The table is designed to be read top-down. The first five rows are safe to block and buy you a real reduction in telemetry exfiltration without breaking anything your users will notice. The bottom four rows are feature-critical and should only be blocked after a deliberate decision that you do not want that feature.

What a layered defense looks like in practice

The defense-in-depth frame is worth repeating because one of the takeaways from the capture is that no single control closes the egress surface. Blocking a hostname (L3) misses bundled observability SDKs that ship inside the tool binary. Relying on vendor enterprise tier (L2) misses anything that is out of scope of the contract. Host-level DLP (L4) is the only layer that sees localhost helpers and bundled MCP processes. You need the full stack.

Limitations — read these before quoting anything#

This was a single lab session, on a single machine, under a single user account, in April 2026. It is a snapshot, not a measurement.

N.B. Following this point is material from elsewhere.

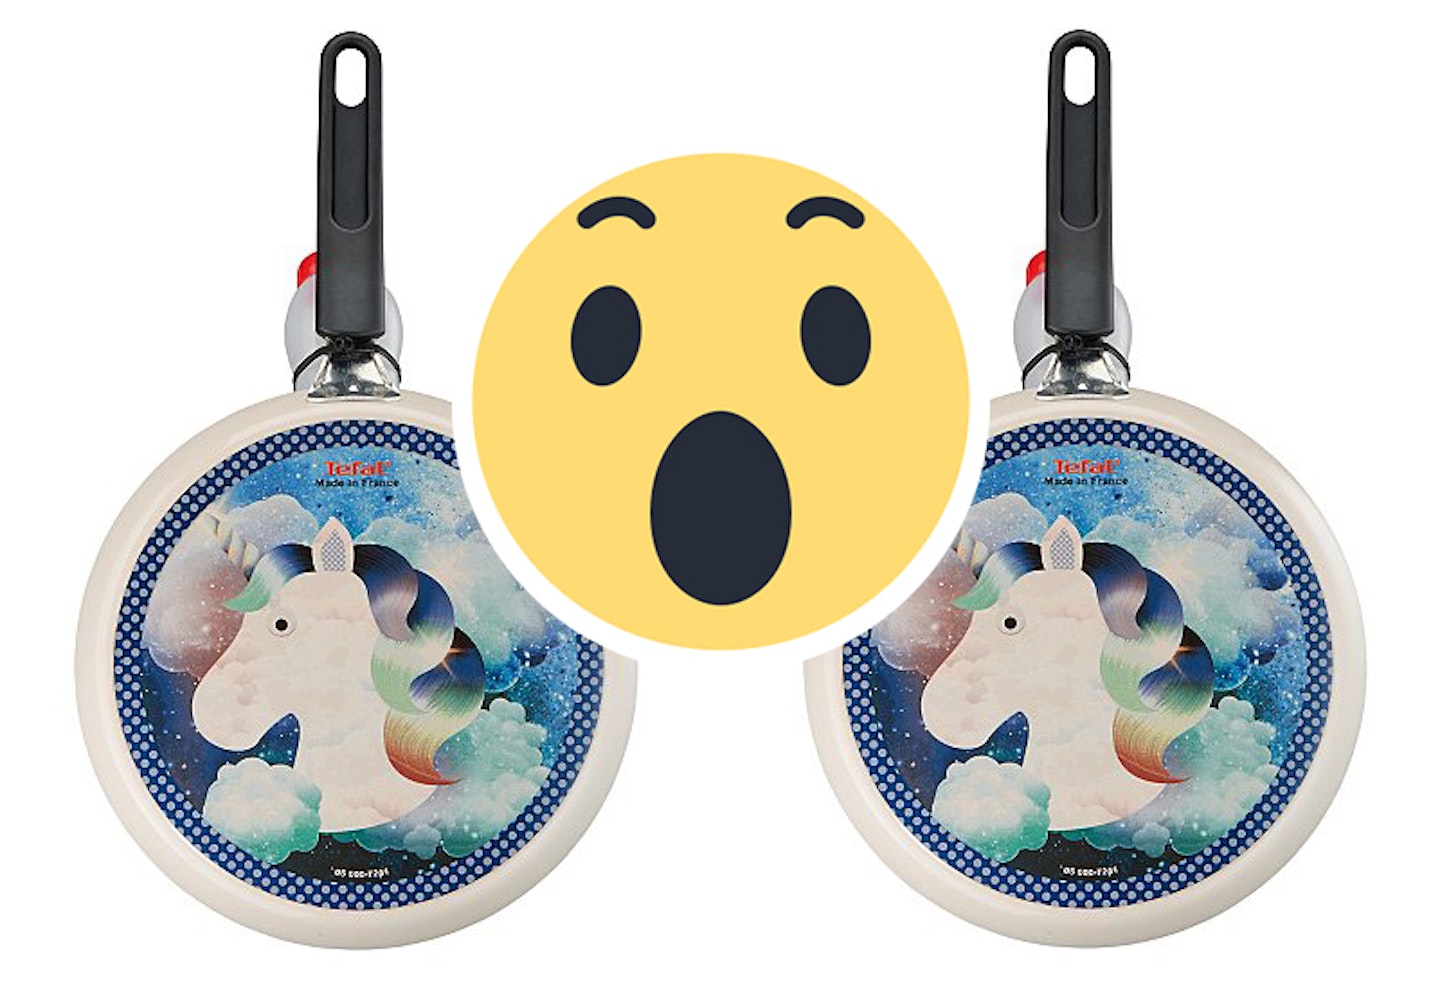 Asda have launched a UNICORN Pancake pan in time for Pancake Day!

Sample size is one. Each tool was exercised in one burst with a small set of prompts. I have no data on how these CLIs behave over a week, across multiple projects, or under heavy load.
One platform. All captures are darwin/arm64. Linux and Windows behaviour is not covered; the binary-bundled Datadog SDK in Claude Code might be absent or differently configured on other platforms.
One tier. The Copilot capture is an individual-tier account. Enterprise-tier Copilot with Content Exclusion enabled may (and should) behave differently.
MITM is visible to the client. Some of the 4xx and 5xx responses are the interception proxy returning errors where it couldn’t cleanly tunnel, not real vendor failures. The report appendix distinguishes these.
Proxy-atlas attribution is path-based. The Homebrew-as-Opencode misclassification shows the limits of attribution-by-hostname. I reclassified after payload inspection, but the general lesson is: if your attribution is not payload-verified, assume at least one mistake is lurking.
Point in time. These tools update weekly. Claude Code 2.1.91 was current on 2026-04-11. In three months the endpoint list will have drifted. Treat this post as a baseline, not a permanent reference.

What I am not saying#

To avoid being misquoted:

I am not saying any of these tools is leaking your prompts in a way the vendor hasn’t disclosed. The prompts go to the model API, which is the expected channel.
I am not saying the token-in-header findings are vulnerabilities. Bearer tokens are supposed to be in headers on authenticated calls over TLS. The risk story for those is scope and rotation, not “the tool is leaking secrets.”
I am not saying Claude Code’s Datadog pipeline is malicious. It is documented engineering telemetry. The point is that it is a second governance surface that most allowlists do not account for.
I am not saying Cursor’s ghost mode is useless. It gates content, which is most of what a user cares about. The point is that it does not also gate observability envelopes, and the scope of the control should be documented clearly.
I am not saying you should stop using these tools. They are genuinely useful and the trade-offs are manageable once you can see them.